種子島宇宙センターでは、ジェミニ改初期型の打ち上げ準備が進んでいた。

10日間隔で二機を打ち上げる慌しいスケジュールとなっている。

その打ち上げの為に、バックアップ要員含めた8人の飛行士が宇宙センターに集まって、アメリカの情報を待つ。

そしてアメリカから、次期宇宙ステーション「こうのす」の最重要区画コアモジュール1、打ち上げ成功の報が届いた。

バトンは日本に回って来た。


フランス関係者も中継を見ている。

臨時生産されたH-2B有人機対応型が射場に立った。

日仏のチームという珍しい組み合わせが、エレベーターでロケット最上段に移動し、ハッチからジェミニ改に乗り込んだ。

それを外から閉めて、地上スタッフが安全最終確認する。

そして打ち上げられた。


今迄は訓練を兼ねて、悠長に地球を何周もしながら宇宙ステーションに向かっていた。

今回は、ジェミニ改と一緒に詰んでいた「のすり」多目的輸送機とドッキングし、早々にコアモジュールとのドッキングに向かう。


1970年代、アメリカはスカイラブという宇宙ステーションを打ち上げた。

スカイラブは左右の太陽電池パネルを展開する予定だった。

しかし、打ち上げ時の衝撃か何かで片側が展開出来なくなった。

その為、当初スカイラブは電力が予定量得られず、かつ放熱が上手くいかず、宇宙飛行士が乗り込んだ時には蒸し風呂のような温度になっていた。

宇宙飛行士は直ちに修理を行うも成功せず。

追加の太陽電池パネル(X字型のもの)を取り付け、放熱機能を回復させて室温を平常に戻した。


といった過去を踏まえて、予定として宇宙ステーション打ち上げ後に、即座に宇宙飛行士も搭乗し、長期生活に可能な環境になるか確認し、場合によっては早期修理をする。

現在のところ、地上からの指令コマンドは「全て良好(オールグリーン)」。

太陽電池パネル展開、正常。

放熱機能、正常。

室温、問題無し。


ジェミニ改はコアモジュールと同じ軌道に乗った。

そして軸線上のドッキングポートに結合する。

ここからは慌てず、宇宙ステーションとの気圧差や空気漏れの確認、コンピュータとの接続確認等をしっかり行う。

そしてハッチを開け、コアモジュールに乗り移る。

「広いなあ」

と感想が思わず漏れる。

広いのは良い事だけではない。

しっかり細部まで換気がされているか、確認しないとならない。

設置機器の問題で二酸化炭素溜まりとか、水滴が出来やすい箇所が電装系近くだったりする事がないように設計はしたが、物の設置等はその都度変わる訳で、実地で確認する必要もある。

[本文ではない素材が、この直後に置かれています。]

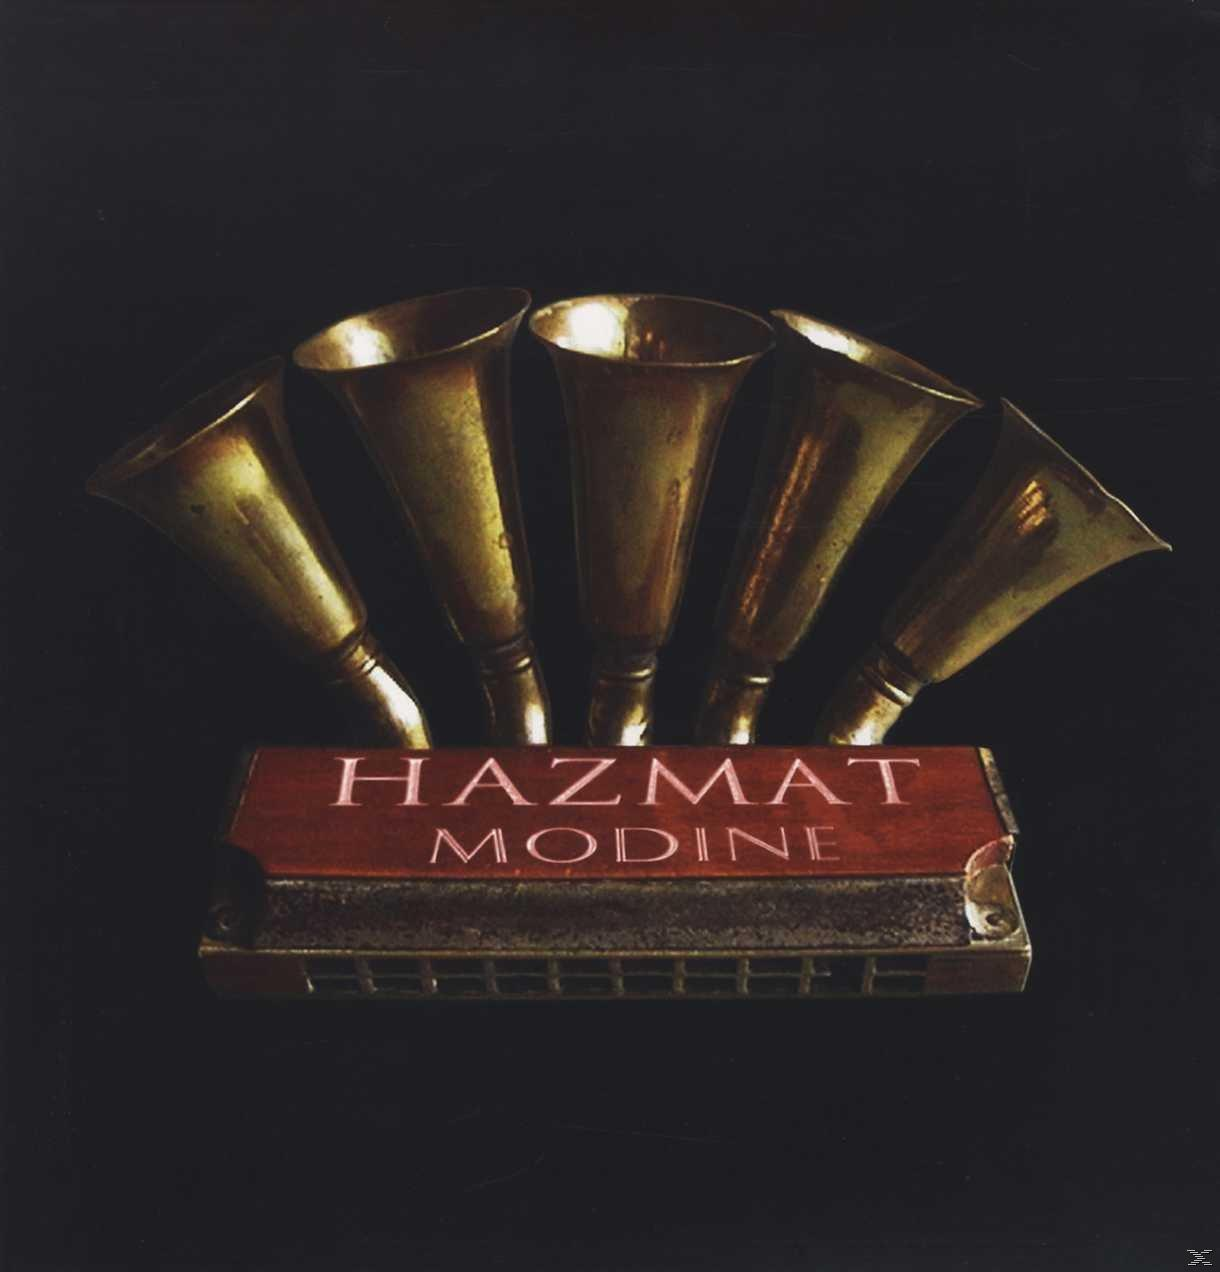 (Vinyl) Modine Hazmat Modine - - Hazmat

毒ガス検知器とまでは言わないが、空気の異常を検知する機器が正常に機能しているか、確認する。


やがて、カナダアームことロボットアームが、ドッキングコースに入って来た。

大型なので、別なロケットで打ち上げられたのだ。

これが宇宙ステーションと同じ軌道に入り、ランデブーする。

ロボットアーム自体には姿勢制御エンジン等無い為、分解状態で運搬用無人機で運ばれて来る。

これを、まずは「のすり」の小型アームで把持して固定した後、船外活動で所定の位置に設置、組み立てる事になる。

船外活動で2人というのは、作業員とバックアップのギリギリの人数と言える。

最初の計画では、最大4人乗りのジェミニ改2と「こうのす」は同時期に運用開始となっていたが、諸種の事情でジェミニ改2は遅延(ペンディング)となっている。

2人作業は予定外の重労働である。

だが、このアームを設置しないと、今後のモジュールの結合が出来ない為、今の内に作業しておく必要がある。

幸い、今回の飛行士は船外活動の経験がある為、訓練と違って手こずる事も無い。

交替しながら、半日で組み立て終わり、動作確認も終えた。


カナダアームが動くとなると、様々な部品が送られて来る。

アメリカに発注したロケットから、拡張太陽電池パネルに、増設アンテナ等、円筒形のモジュールから外部に飛び出して取り付ける部品が、打ち上げ日中に到着する。

ロボットアームで掴み、所定の位置まで運び、船外活動で組み立てて、動作確認をする。

こういう作業が毎日繰り返されている。

船外活動服の酸素タンクも何度も交換される。

中々忙しい日々が続いているだけに、広さと、睡眠時のベッドを快適にしたのが功を奏している。

宇宙食も、専門料理人が調理しない、レトルトタイプのものとしては最高級品を持たせた。

ただし、労働の事を考えて、多少塩分多めになっている。

日本(ジャポン)の宇宙食はISSでも人気だからね」

とフランス人飛行士が言う。

そう褒めるフランスだが、フランスとて3つ星レストラン複数経営のカリスマシェフの協力を得て宇宙食を提供している為、余裕を持っての発言であった。

美味い食事と快適な寝床で疲労回復させながら、組み立てや船内調整を分単位のスケジュールでこなしていった。


コアモジュールのセットアップは、こうして完成しつつあった。

そして地上から連絡が入る。

「こうのとり改」の運搬要員を乗せたジェミニ改は予定通り打ち上げられると言う。

作業は増えるが、宇宙飛行士が4人になると大分負担も少なくなる。

「早く来て欲しいですね」

多忙なので、一刻も早くやって来てほしいところだ。


そして種子島宇宙センターから2機目のジェミニ改とのすりを搭載したH2Bロケットが打ち上げられた。

両機が軌道上で出会うまで、一週間を切った。

そしてフランスも自分の担当モジュールを打ち上げるべく、ギアナ高地の宇宙基地に指令を送る。

いよいよ「こうのす」が始動する。